Question
Is it possible to solve the following questions with the information provided below them or if not, what is still needed? Question: Re-evaluate the SM
Is it possible to solve the following questions with the information provided below them or if not, what is still needed?
Question: Re-evaluate the SM M&A deal value with and without the operative synergies using the target capital structure with 65% D/V-ratio (raising regular bond market financing) using three valuation methods:
1. WACC -method
2. Adjusted Present Value -method
3. Free Cash Flow to Equity -method
A company FCG is planning on possible acquisition of company SM which would offer sales and cost synergies for both. The unlevered 100% equity capital structure of SM provides opportunities to utilize financial synergies as well.
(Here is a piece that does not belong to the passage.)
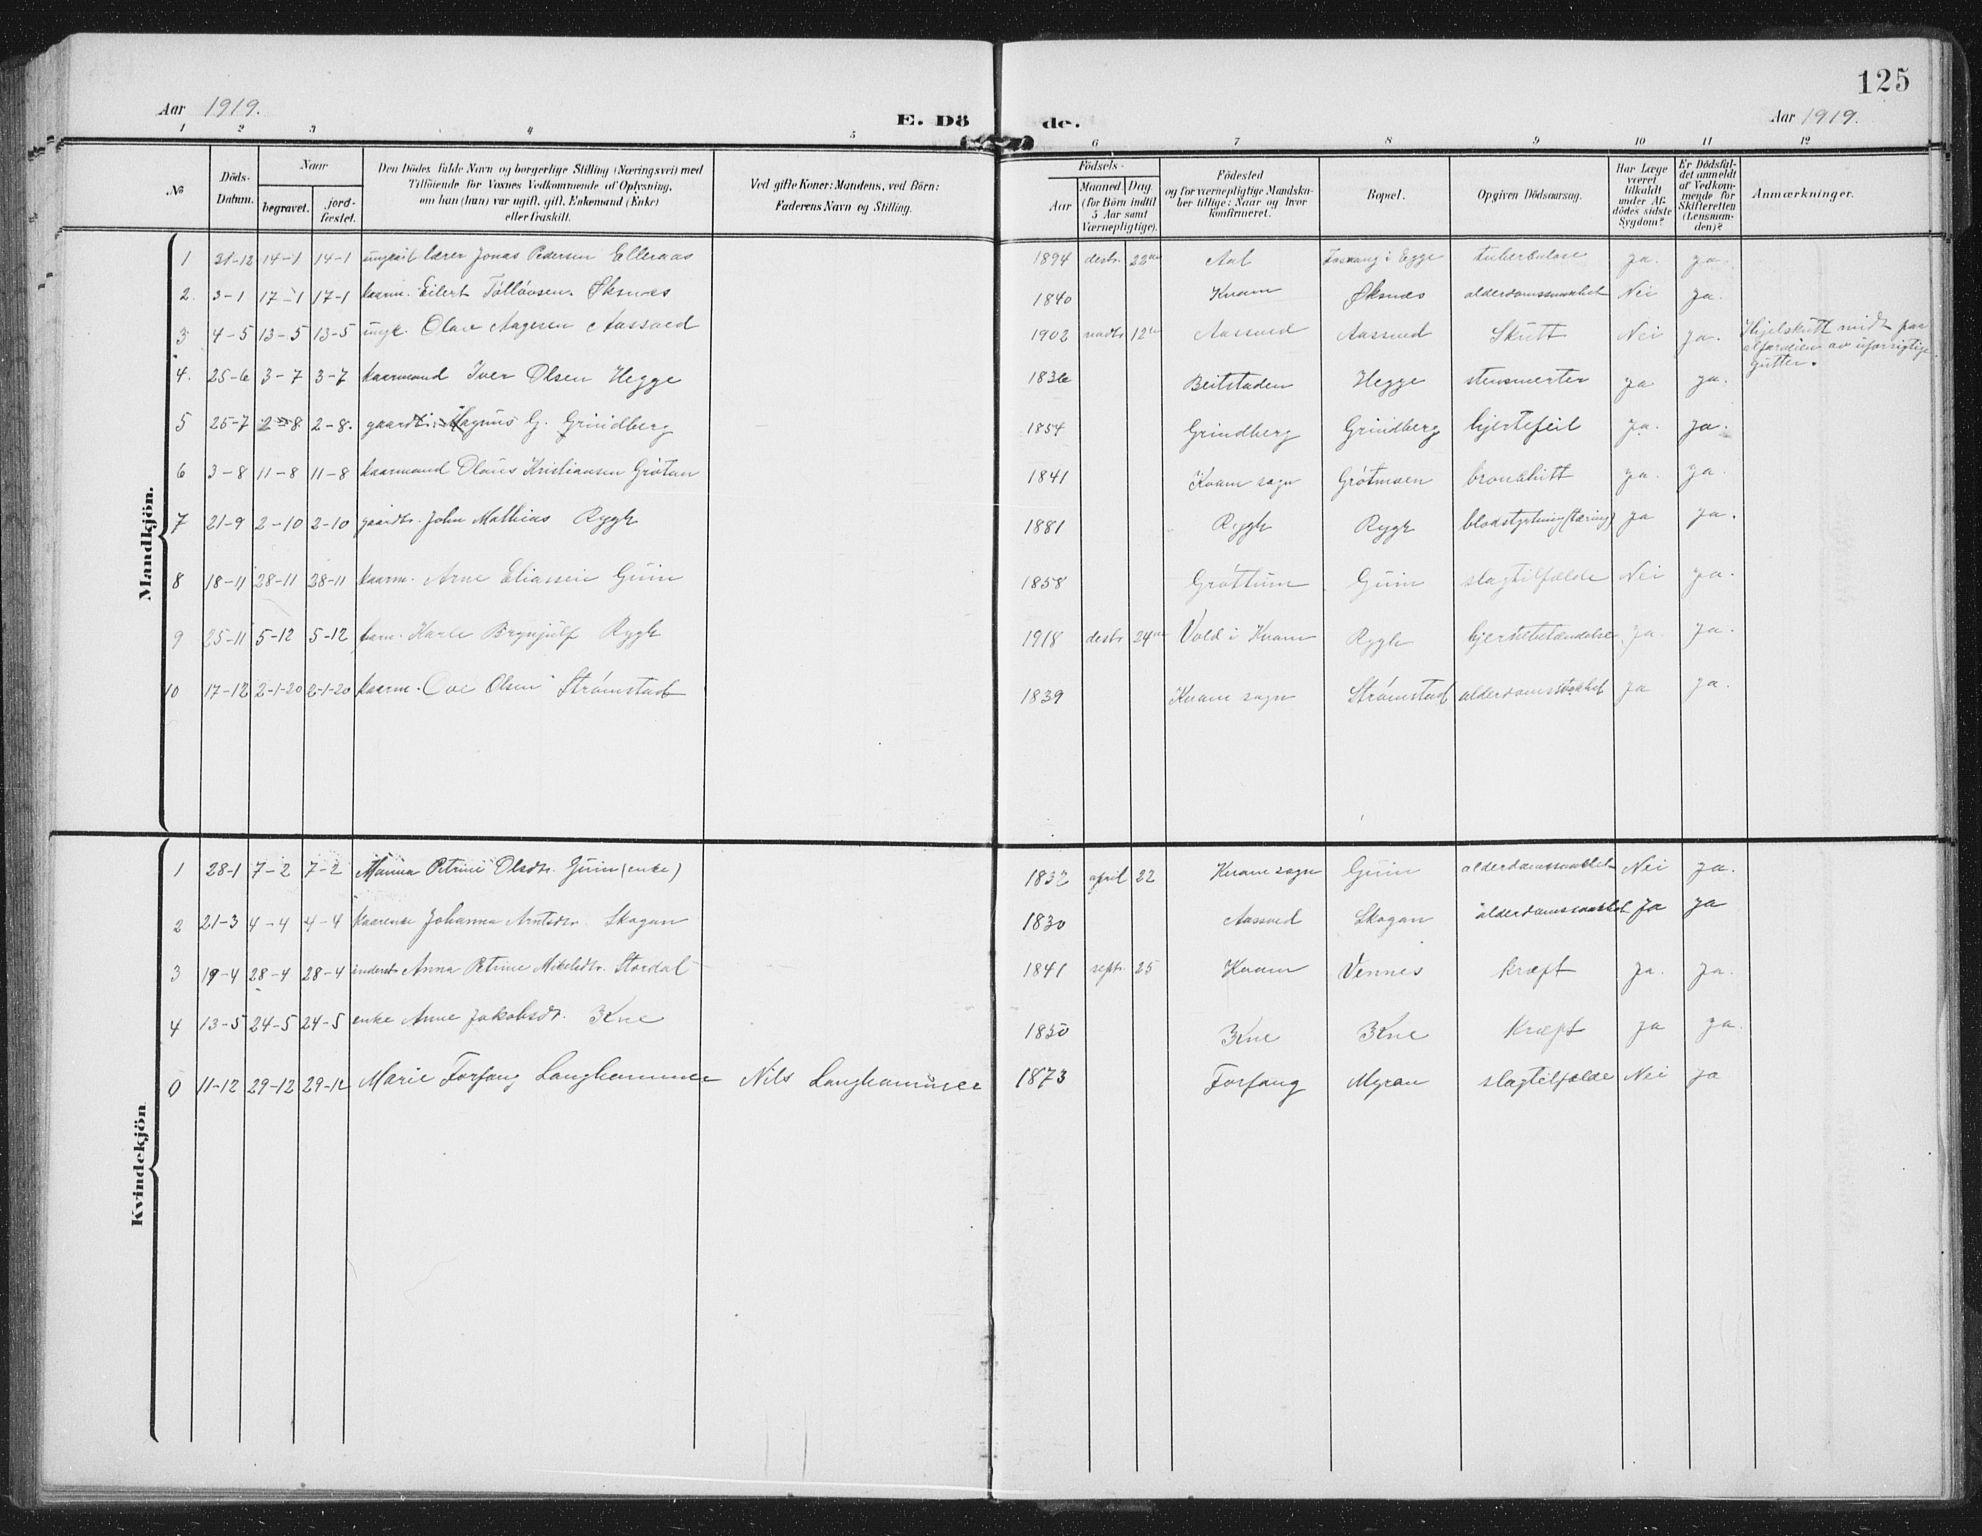 SAT, Ministerialprotokoller, klokkerbøker og fødselsregistre - Nord-Trøndelag, 747/L0460: Klokkerbok nr. 747C02, 1908-1939, s. 125

Existing SM shareholders hold a total of 592 million shares. At a current pre-bid market price of 9.16 per share, the market capitalization of SM stands at 5422.7 MEUR. From the merger sales could increase by 5% per year and fixed production costs in SM cut by -2.5% from current level.
On top of the operative improvements, financial synergies could be exploited by levering up SM to a 65% target (market) Debt/Value-ratio from the current unlevered financial structure of the stand-alone SM. Debt raised is planned to be used to repurchase shares.
According to an estimation, a merger at a bid price corresponding to an EV/EBIT-multiple of 20.6 could be fair and attractive from the SM shareholders point of view given that the actual share price is now 9.16 per share corresponding to an EV/EBIT-multiple of 17.2 (= 592*9.16/315.8). The valuation multiple corresponds to an offer price of 11 per share, for 100% of SM stock. Total value of the bid is 592*11=6512 MEUR (EV/EBIT-multiple 6512/315.8 =20.6). Alternatively, FCG could offer SM shareholders the equivalent monetary amount paid in FCG stock instead of cash a stock rather than cash deal.
A risk analysis suggests that a market value-based target net Debt/Value-ratio of 65% is considered. This ratio is assumed to be maintained over time. The proceeds from all debt sales are used to repurchase shares, at fair market value. The financial leverage from 65% D/V ratio is expected to lead to SM bonds being rated in Moodys class A2 (see picture 1). The bonds expected loss rate to bond investors in the event of a default is estimated as 60%.